ABOUT THIS EXERCISE:
Copy each line of the listing below exactly and drop the images.

SOURCE DATA:

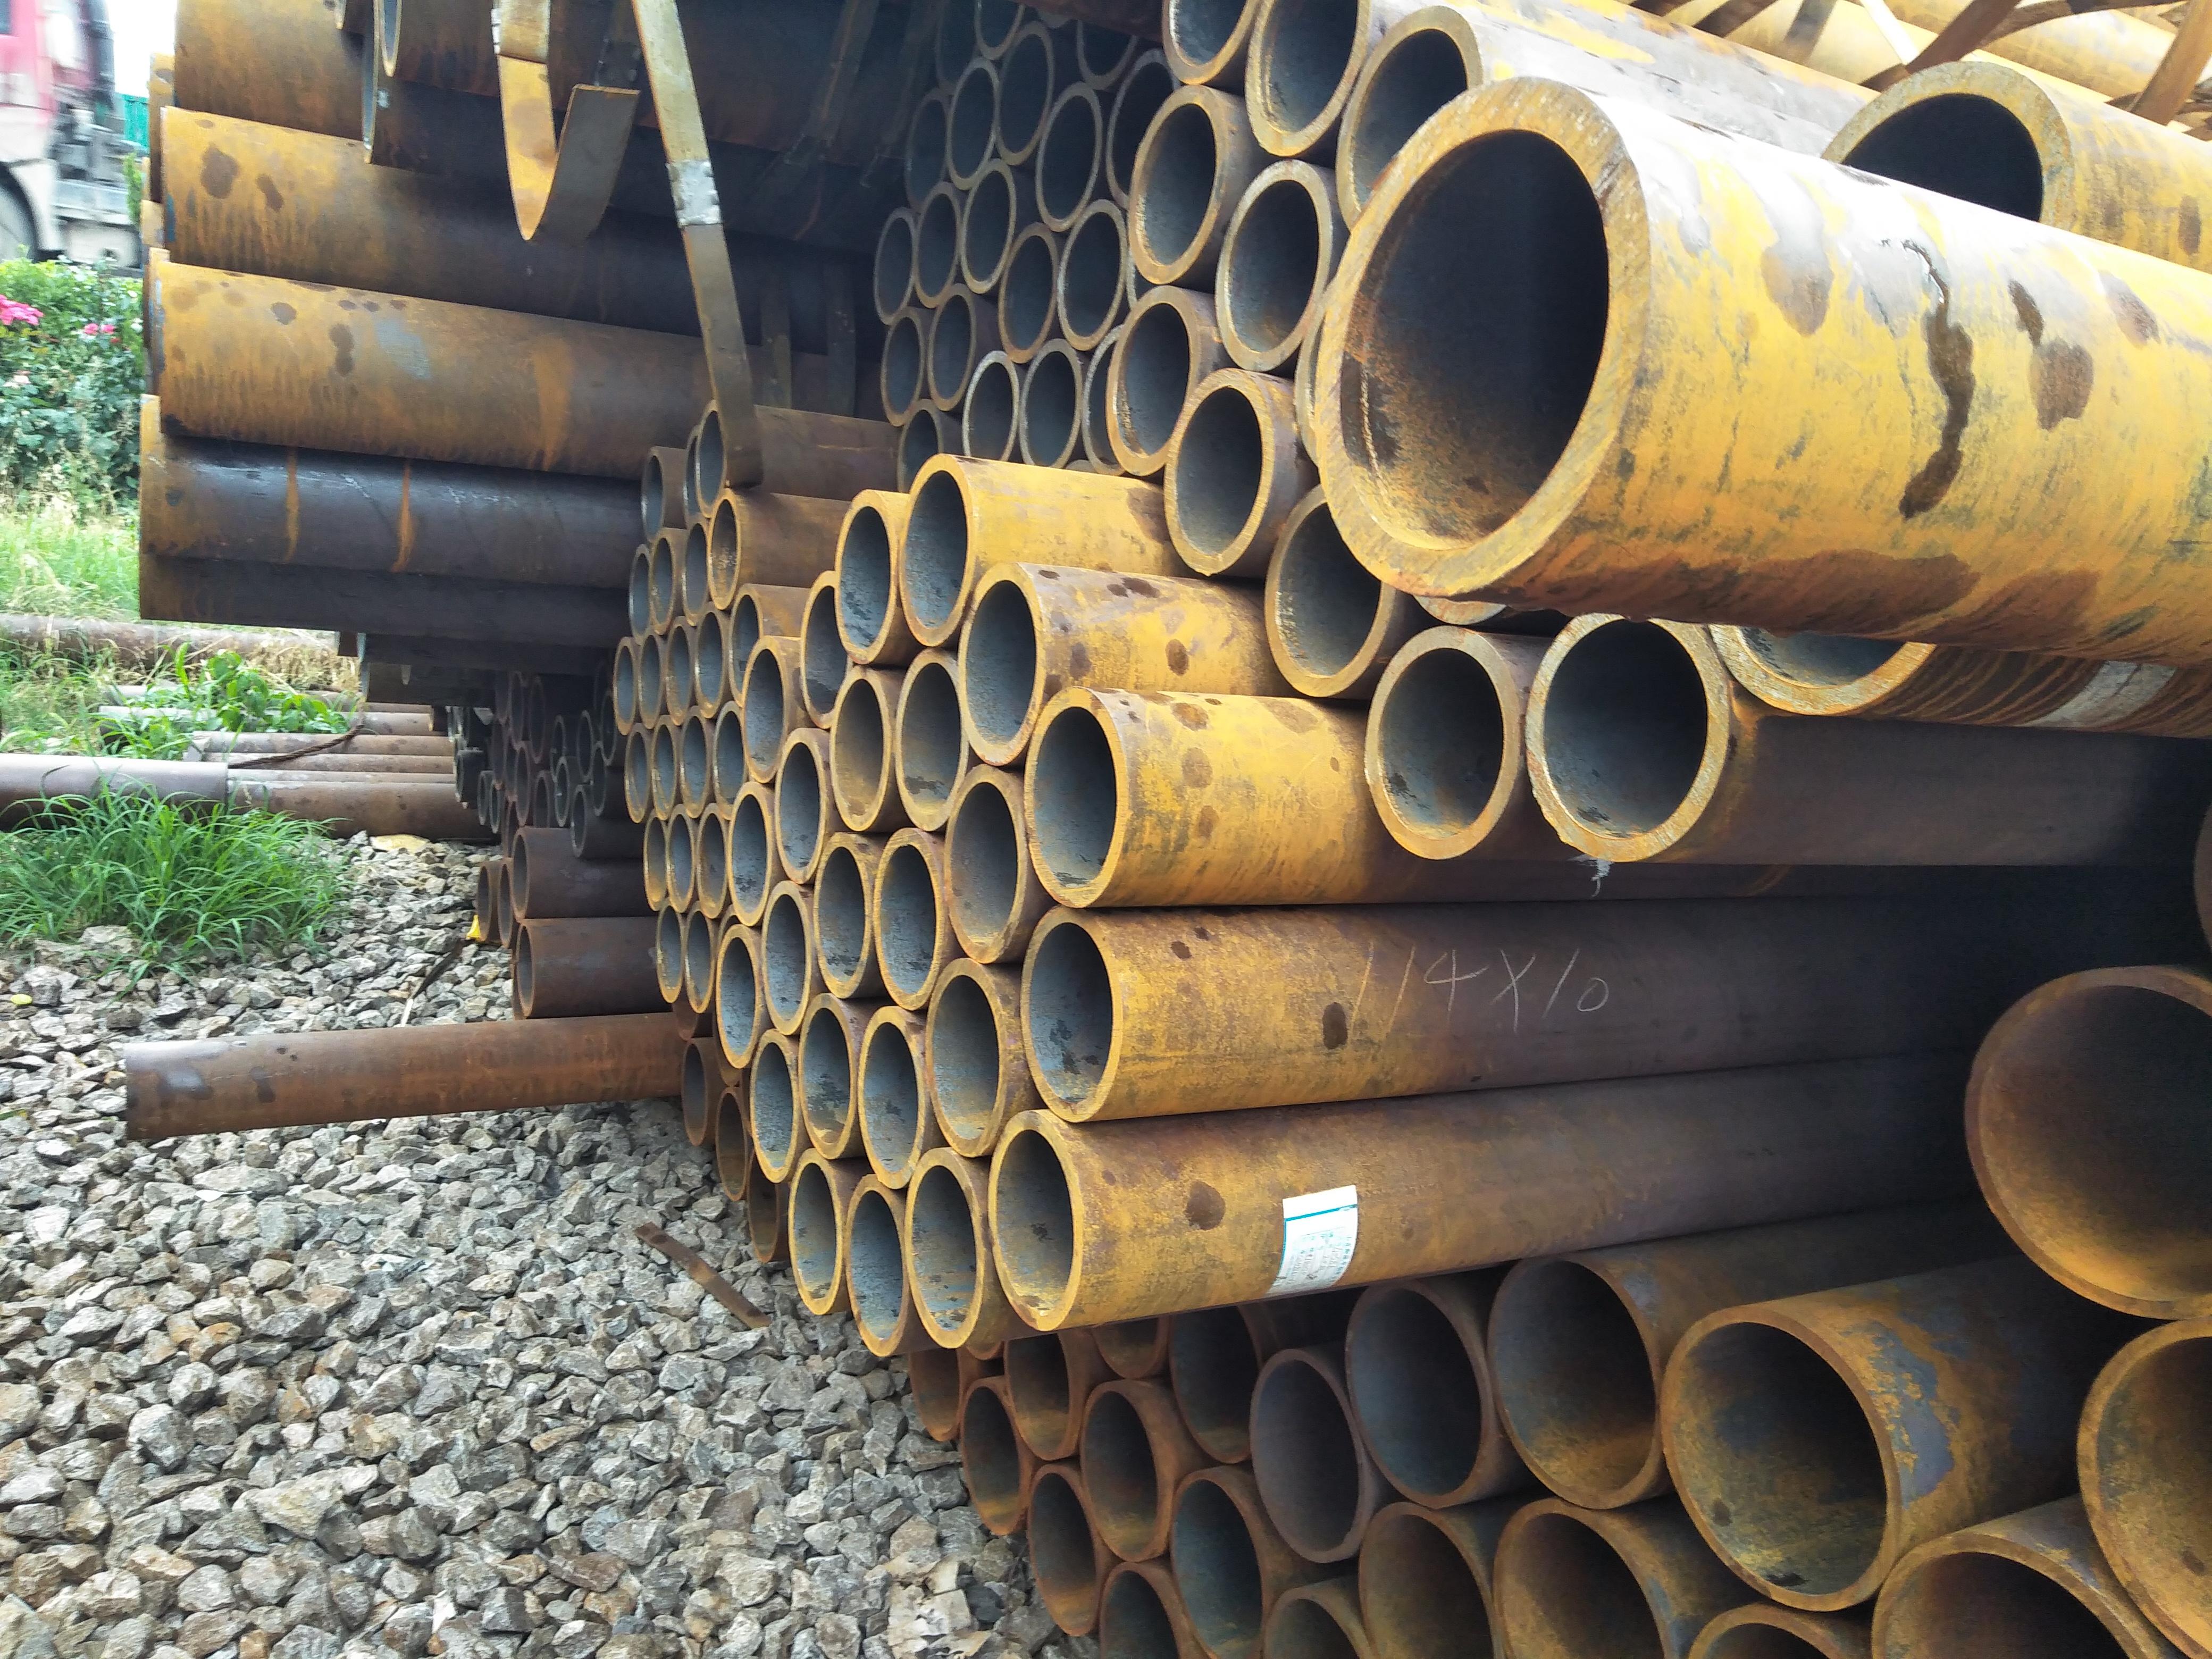 聊城Q345B无缝管规格 安阳Q345b无缝钢管价格行情山东无缝钢管行情
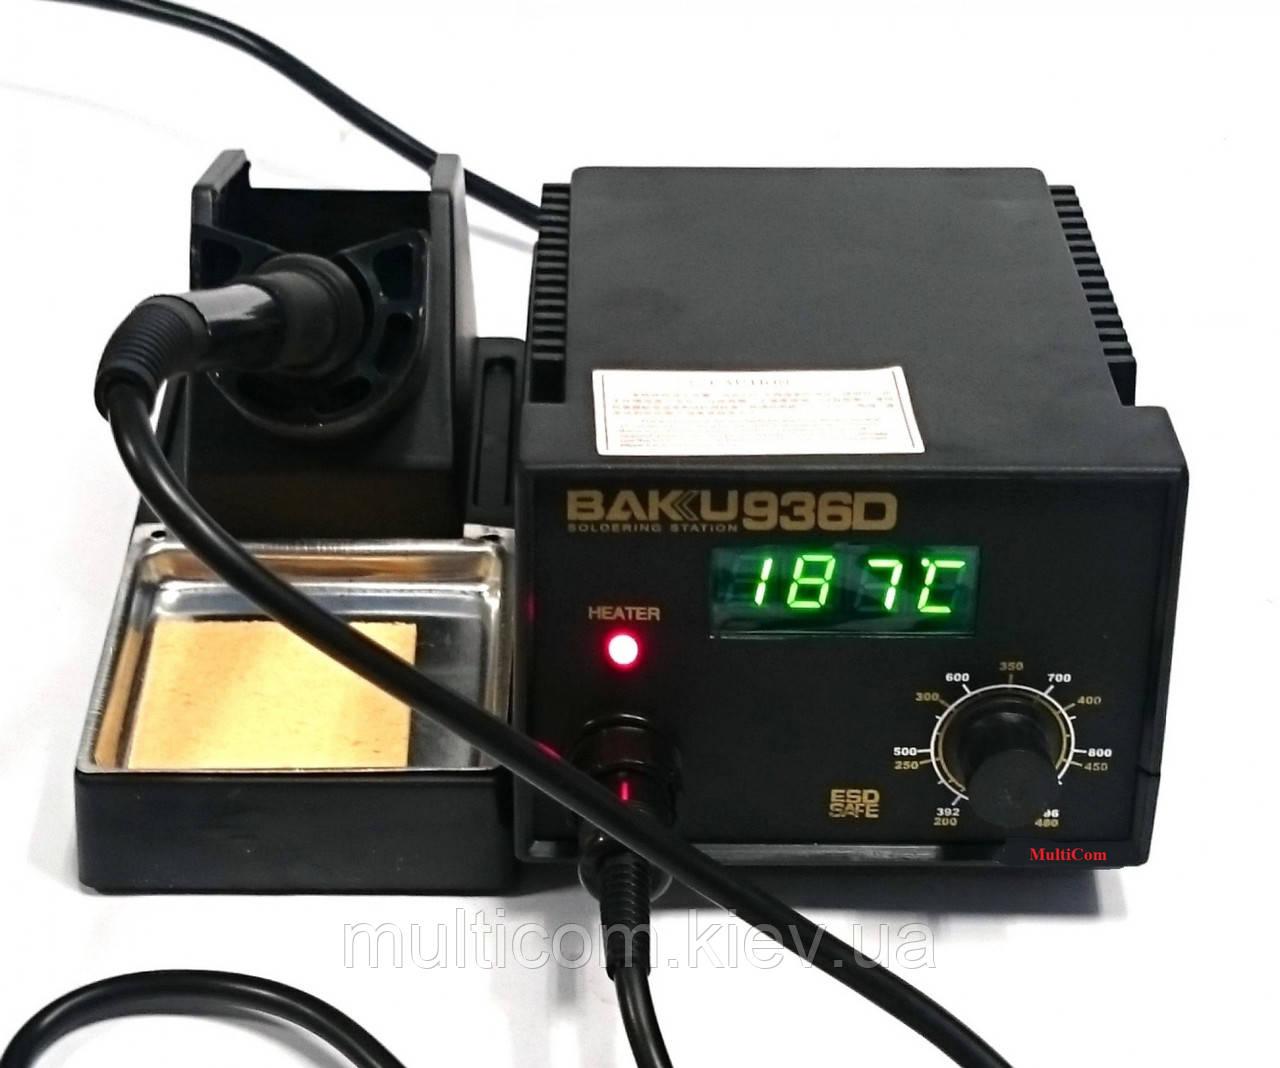 13-00-023. Паяльная станция BK-936D, с дисплеем, BAKU
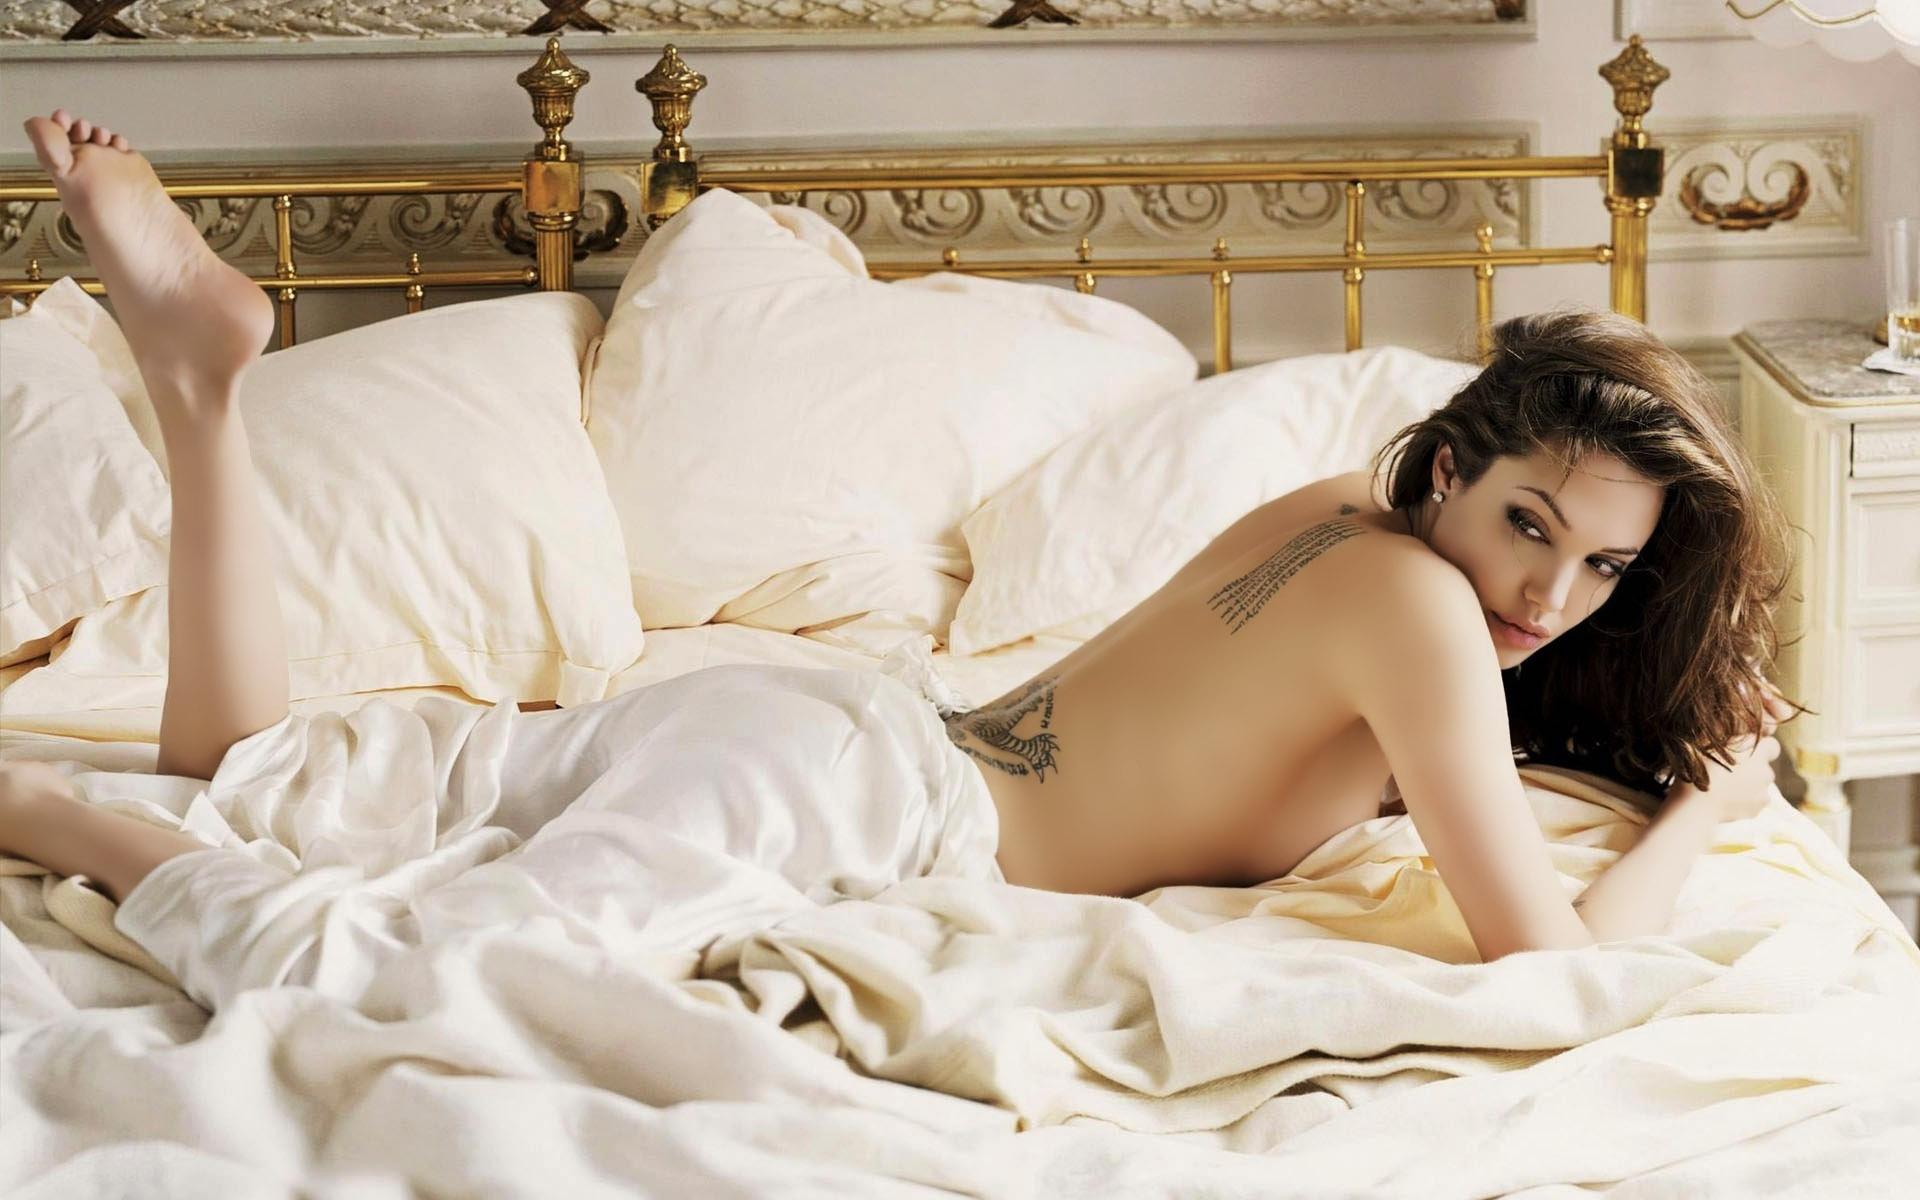 http://2.bp.blogspot.com/-JaoXI4529As/UDO-7EFUzGI/AAAAAAAADl4/MCI1-U82Qzg/s1920/angelina-jolie-hd-tattoos-1200.jpg
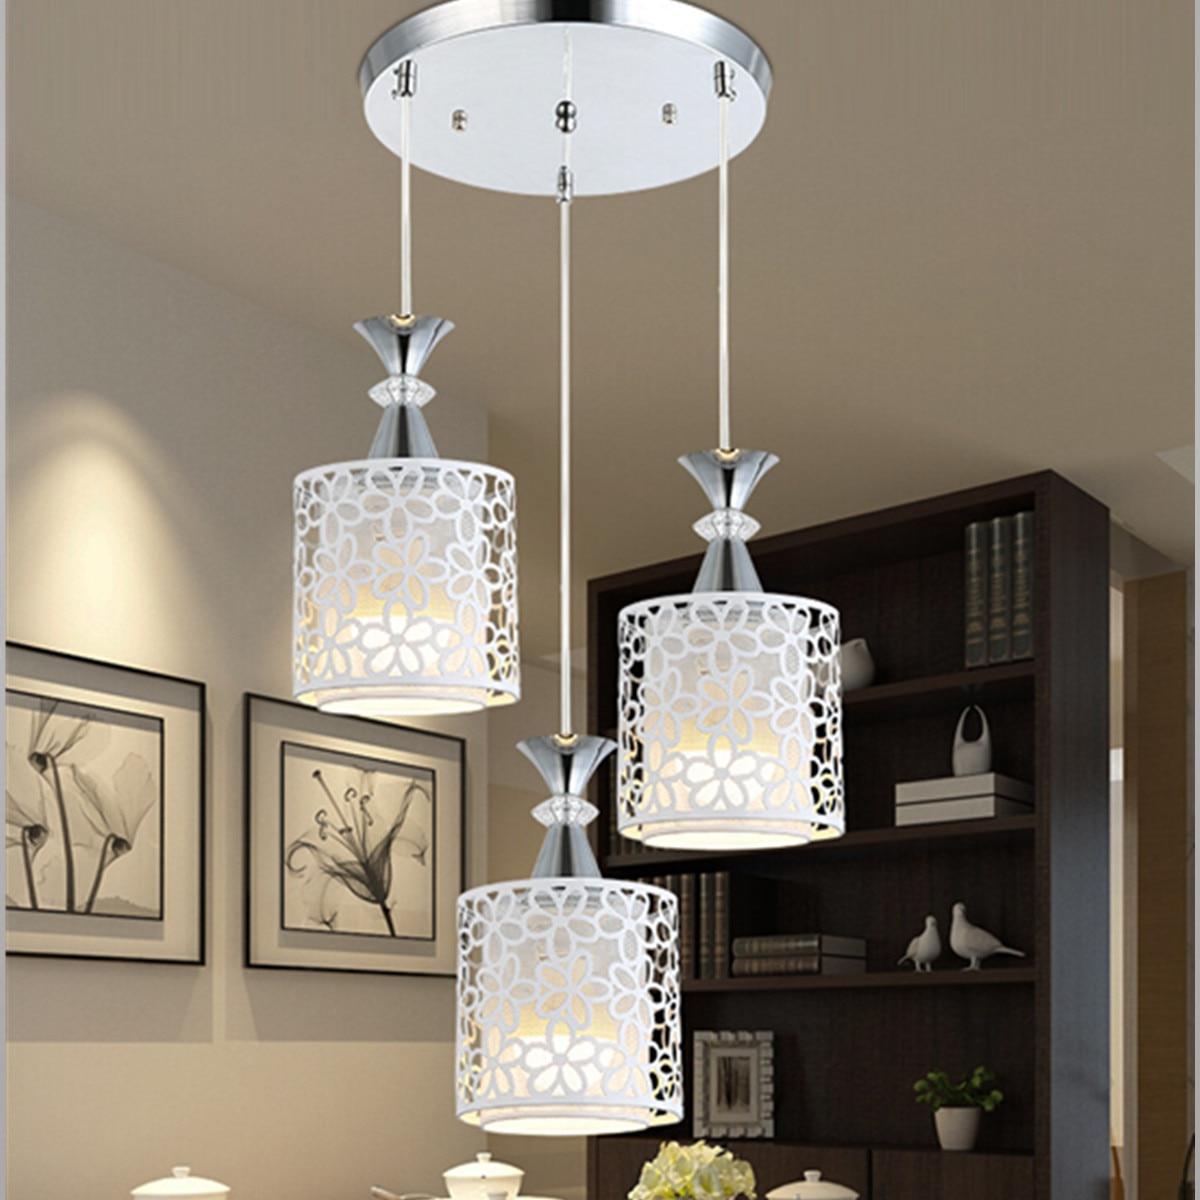 Crystal Ceiling Lamp | Crystal Ceiling Lights | Modern LED Lamps For Living Room Dining Room Glass Ceiling Lights Voltage 220V

EXERCISE ANSWER:
 聊城Q345B无缝管规格 安阳Q345b无缝钢管价格行情山东无缝钢管行情
 13-00-023. Паяльная станция BK-936D, с дисплеем, BAKU
 http://2.bp.blogspot.com/-JaoXI4529As/UDO-7EFUzGI/AAAAAAAADl4/MCI1-U82Qzg/s1920/angelina-jolie-hd-tattoos-1200.jpg
 Crystal Ceiling Lamp | Crystal Ceiling Lights | Modern LED Lamps For Living Room Dining Room Glass Ceiling Lights Voltage 220V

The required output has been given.